In order to make complete sense of what Kafka does, we'll delve into what an event streaming platform is and how it works. So
before delving into Kafka architecture or its core components, let's discuss what an event is. This will help explain how Kafka
stores events, how to get events in and out of the system, and how to analyze event streams.
What Is an Event?
In other words, an event is a combination of notification—the element of when-ness that can be used to trigger some other
activity—and state. That state is usually fairly small, say less than a megabyte or so, and is normally represented in some
structured format, say in JSON or an object serialized with Apache Avro™ or Protocol Buffers.
Kafka and Events – Key/Value Pairs
Kafka is based on the abstraction of a distributed commit log. By splitting a log into partitions, Kafka is able to scale-out systems.
As such, Kafka models events as key/value pairs. Internally, keys and values are just sequences of bytes, but externally in your
programming language of choice, they are often structured objects represented in your language’s type system. Kafka famously
calls the translation between language types and internal bytes serialization and deserialization. The serialized format is usually
JSON, JSON Schema, Avro, or Protobuf.
Values are typically the serialized representation of an application domain object or some form of raw message input, like the
output of a sensor.
Keys can also be complex domain objects but are often primitive types like strings or integers. The key part of a Kafka event is
not necessarily a unique identifier for the event, like the primary key of a row in a relational database would be. It is more likely
the identifier of some entity in the system, like a user, order, or a particular connected device.
This may not sound so significant now, but we’ll see later on that keys are crucial for how Kafka deals with things like
parallelization and data locality.
Kafka is used by over 100,000 organizations across the world and is backed by a thriving community of professional developers,
who are constantly advancing the state of the art in stream processing together. Due to Kafka's high throughput, fault tolerance,
resilience, and scalability, there are numerous use cases across almost every industry - from banking and fraud detection, to
transportation and IoT. We typically see Kafka used for purposes like those below.
Data Integration
Kafka can connect to nearly any other data source in traditional enterprise information systems, modern databases, or in the
cloud. It forms an efficient point of integration with built-in data connectors, without hiding logic or routing inside brittle,
centralized infrastructure.
Kafka is often used for monitoring operational data. This involves aggregating statistics from distributed applications to produce
centralized feeds with real-time metrics.
Log Aggregation
A modern system is typically a distributed system, and logging data must be centralized from the various components of the
system to one place. Kafka often serves as a single source of truth by centralizing data across all sources, regardless of form or
volume.
Stream Processing
➡ Learn more: Kafka Streams and ksqlDB free courses
Performing real-time computations on event streams is a core competency of Kafka. From real-time data processing to dataflow
programming, Kafka ingests, stores, and processes streams of data as it's being generated, at any scale.
Publish-Subscribe Messaging
As a distributed pub/sub messaging system, Kafka works well as a modernized version of the traditional message broker. Any
time a process that generates events must be decoupled from the process or from processes receiving the events, Kafka is a
scalable and flexible way to get the job done.
Kafka Topics
Logs are also fundamentally durable things. Traditional enterprise messaging systems have topics and queues, which store
messages temporarily to buffer them between source and destination.
Since Kafka topics are logs, there is nothing inherently temporary about the data in them. Every topic can be configured to expire
data after it has reached a certain age (or the topic overall has reached a certain size), from as short as seconds to as long as
years or even to retain messages indefinitely. The logs that underlie Kafka topics are files stored on disk. When you write an
event to a topic, it is as durable as it would be if you had written it to any database you ever trusted.

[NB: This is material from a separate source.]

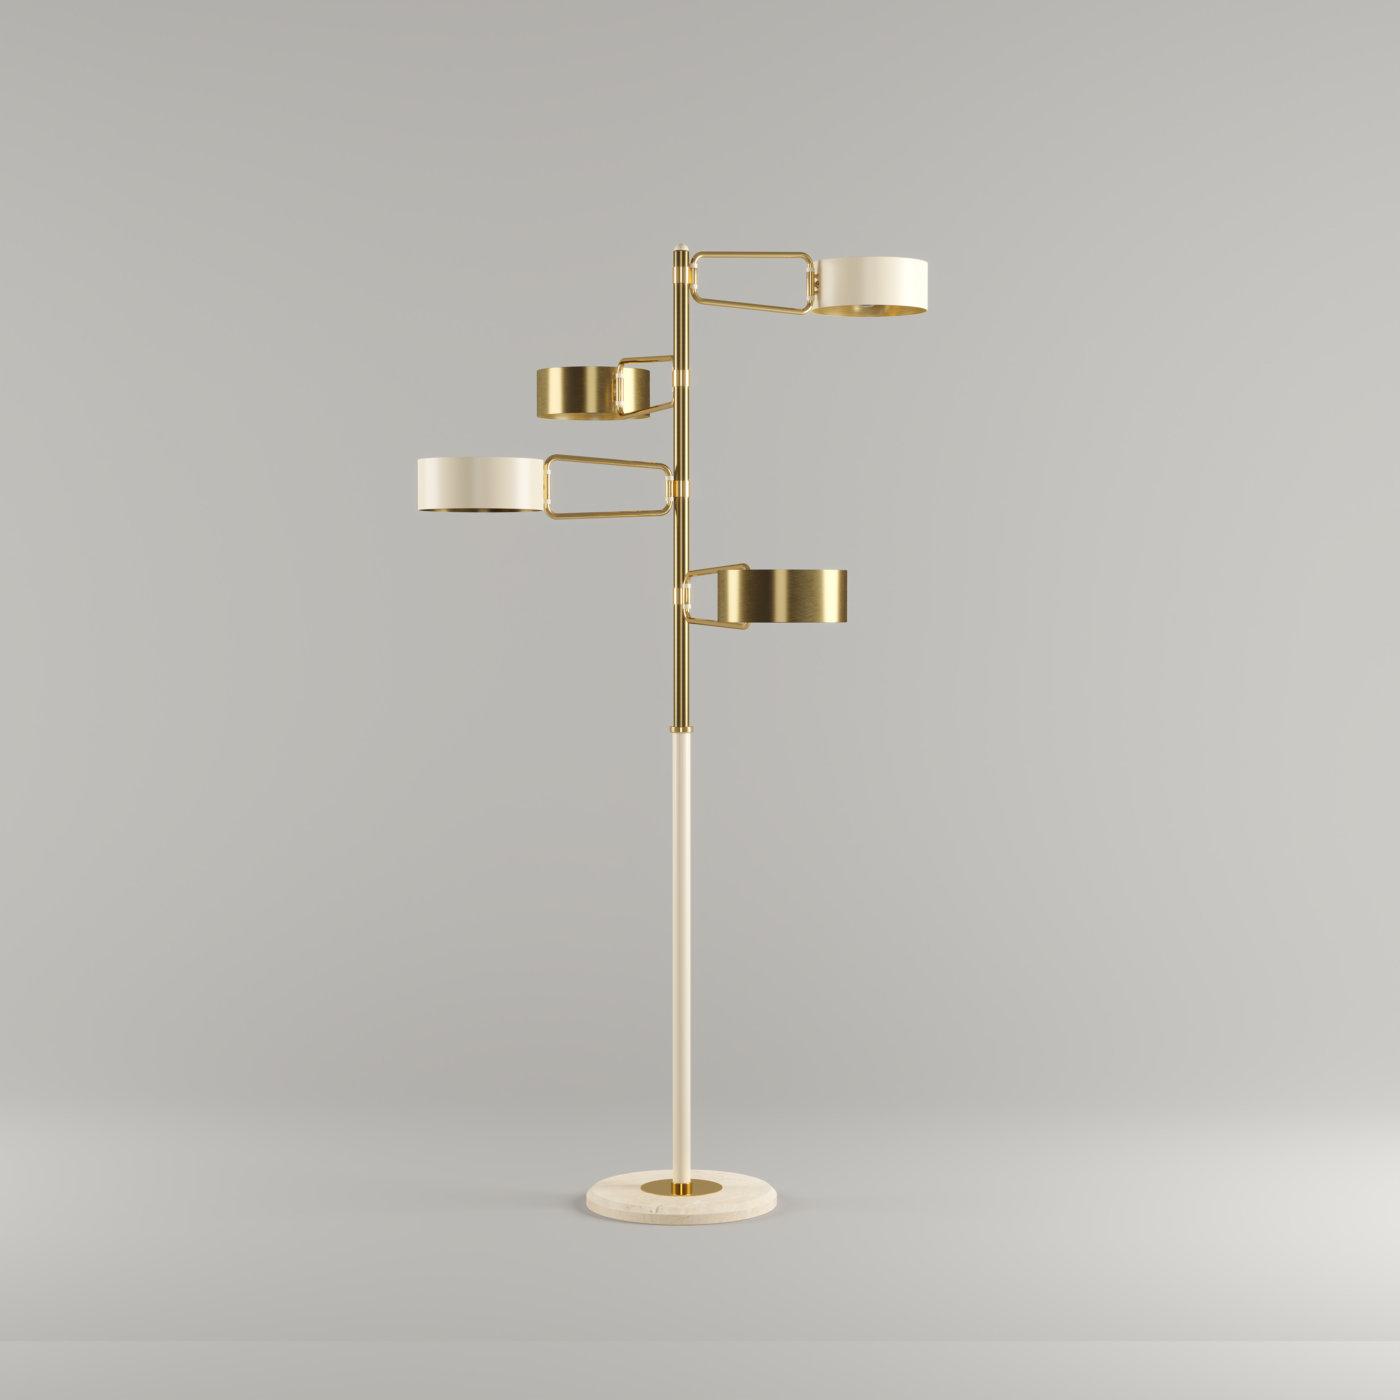 Brompton floor lamp by creativemary

The simplicity of the log and the immutability of the contents in it are key to Kafka’s success as a critical component in modern
data infrastructure—but they are only the beginning.
Kafka Partitioning
Partitioning takes the single topic log and breaks it into multiple logs, each of which can live on a separate node in the Kafka
cluster. This way, the work of storing messages, writing new messages, and processing existing messages can be split among
many nodes in the cluster.
How Kafka Partitioning Works
Having broken a topic up into partitions, we need a way of deciding which messages to write to which partitions. Typically, if a
message has no key, subsequent messages will be distributed round-robin among all the topic’s partitions. In this case, all
partitions get an even share of the data, but we don’t preserve any kind of ordering of the input messages. If the message does
have a key, then the destination partition will be computed from a hash of the key. This allows Kafka to guarantee that messages
having the same key always land in the same partition, and therefore are always in order.

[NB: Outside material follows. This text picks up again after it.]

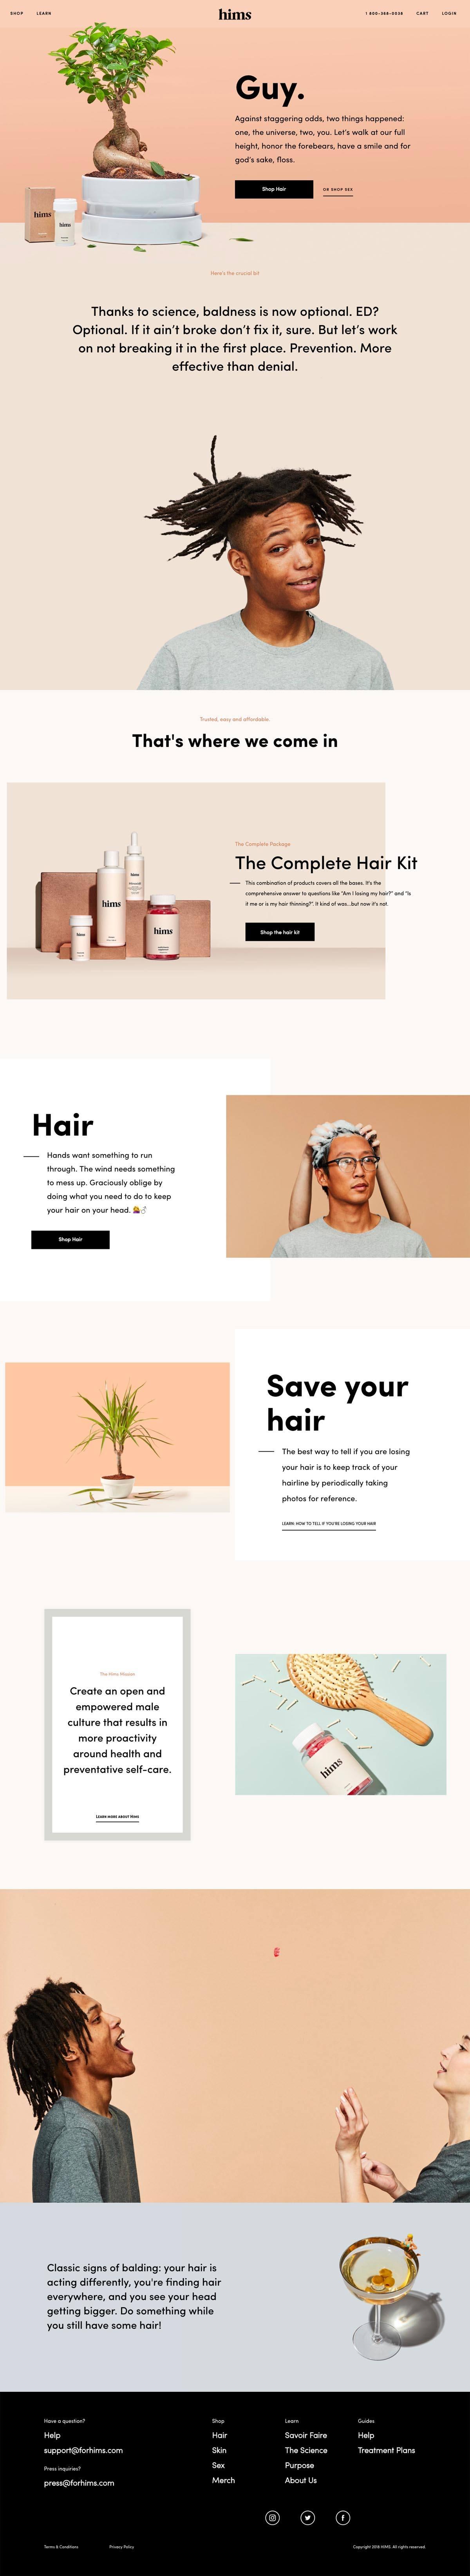 eCommerce website: hims

For example, if you are producing events that are all associated with the same customer, using the customer ID as the key
guarantees that all of the events from a given customer will always arrive in order. This creates the possibility that a very active
key will create a larger and more active partition, but this risk is small in practice and is manageable when it presents itself. It is
often worth it in order to preserve the ordering of keys.
Kafka Brokers
Replication
📽️ Replication explained on video
It would not do if we stored each partition on only one broker. Whether brokers are bare metal servers or managed containers,
they and their underlying storage are susceptible to failure, so we need to copy partition data to several other brokers to keep it
safe. Those copies are called follower replica, whereas the main partition is called the leader replica. When you produce data to
the leader—in general, reading and writing are done to the leader—the leader and the followers work together to replicate those
new writes to the followers.
This happens automatically, and while you can tune some settings in the producer to produce varying levels of durability
guarantees, this is not usually a process you have to think about as a developer building systems on Kafka. All you really need to
know as a developer is that your data is safe, and that if one node in the cluster dies, another will take over its role.
Client Applications
Now let’s get outside of the Kafka cluster itself to the applications that use Kafka: the producers and consumers. These are client
applications that contain your code, putting messages into topics and reading messages from topics. Every component of the
Kafka platform that is not a Kafka broker is, at bottom, either a producer or a consumer or both. Producing and consuming are
how you interface with a cluster.
Kafka Producers
To a first-order approximation, this is all the API surface area there is to producing messages. Under the covers, the library is
managing connection pools, network buffering, waiting for brokers to acknowledge messages, retransmitting messages when
necessary, and a host of other details no application programmer need concern herself with.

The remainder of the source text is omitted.